Rozental aponta outro “problema estrutural sério”: quase 50% da economia opera na informalidade, não paga impostos e oferece empregos instáveis e de baixa qualidade. Já Ramírez chama a atenção para o problema da corrupção. Somada à violência, ela mina a credibilidade das instituições, observa o consultor, o que prejudica os investimentos externos e, com eles, a atividade econômica. “Nosso maior desafio não é Donald Trump nem a violência”, assegura Juan Pardinas, diretor-geral do Instituto Mexicano para a Competitividade. “Os maiores obstáculos ao crescimento econômico são a corrupção e um débil Estado de Direito.”

“O México tem uma economia sólida graças a um complexo processo de reformas que teve início nas últimas décadas do século 20, sobretudo no que se refere ao equilíbrio fiscal e ao livre comércio”, avalia Pardinas. “A estabilidade macroeconômica, a livre flutuação da moeda, a inflação baixa e a abertura comercial têm dado ao México a capacidade de enfrentar crises globais (2008-09) e o choque financeiro sobre os países produtores de petróleo. Entretanto, o índice de crescimento é positivo, mas medíocre.”

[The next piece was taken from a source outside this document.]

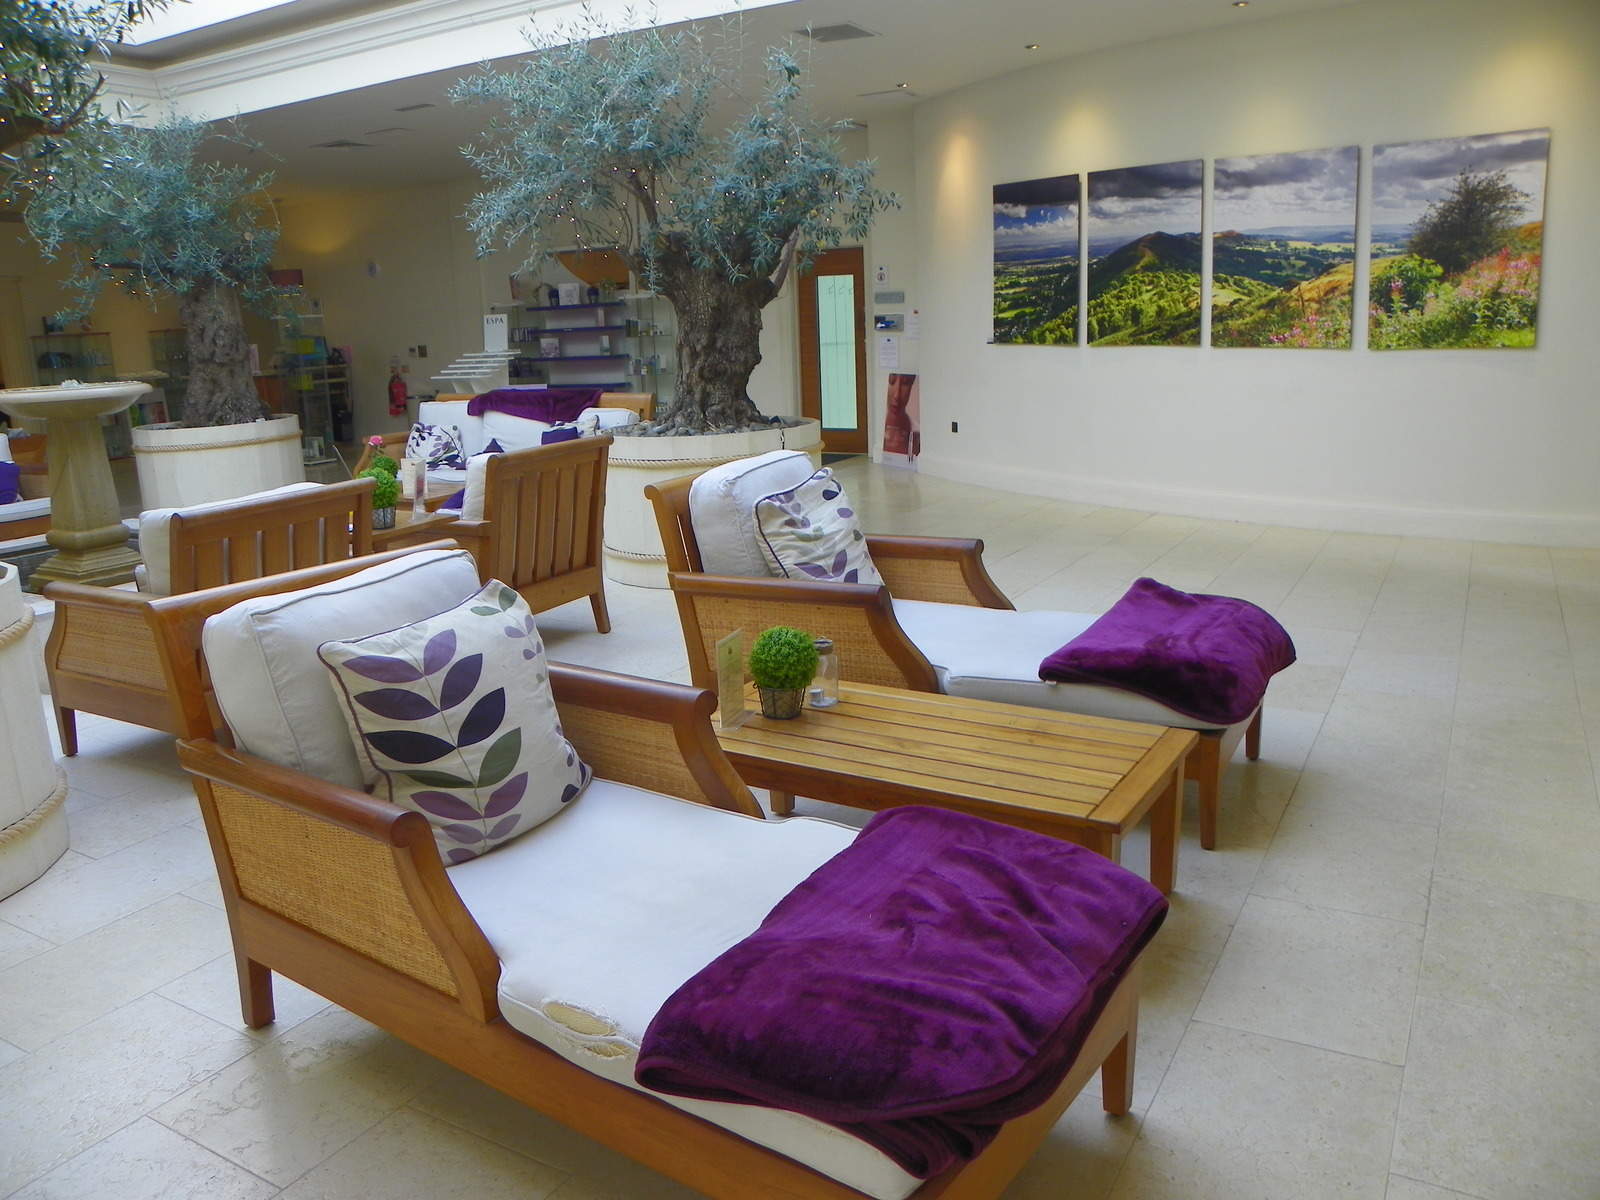 The Malvern Spa, Worcestershire: Full and comprehensive review.

O modelo de crescimento é uma preocupação para Ramírez. “Fala-se que o motor do crescimento é o consumo interno, mas na realidade é a depreciação do peso combinada com uma participação alta das exportações e crescimento muito baixo das importações devido ao incremento reduzido do investimento”, analisa o consultor. “As reformas estruturais não constribuíram com mais crescimento, que continua dependendo de fatores tradicionais, como o crescimento dos Estados Unidos e o aumento do crédito da banca comercial.” Ramírez adverte que a depreciação da moeda causa perdas nos fundos estrangeiros que investiram nos papéis em pesos, “e isso os distanciará desse mercado por vários anos”. Além do mais, a queda da moeda local eleva o custo do serviço da dívida externa pública e privada, o que inibe os investimentos e pressiona ainda mais o peso. E é ainda “um trauma para o setor privado, abala a credibilidade do governo e a estabilidade macroeconômica”.

Há muito para avançar no México. Mas pelo menos ele está na direção certa.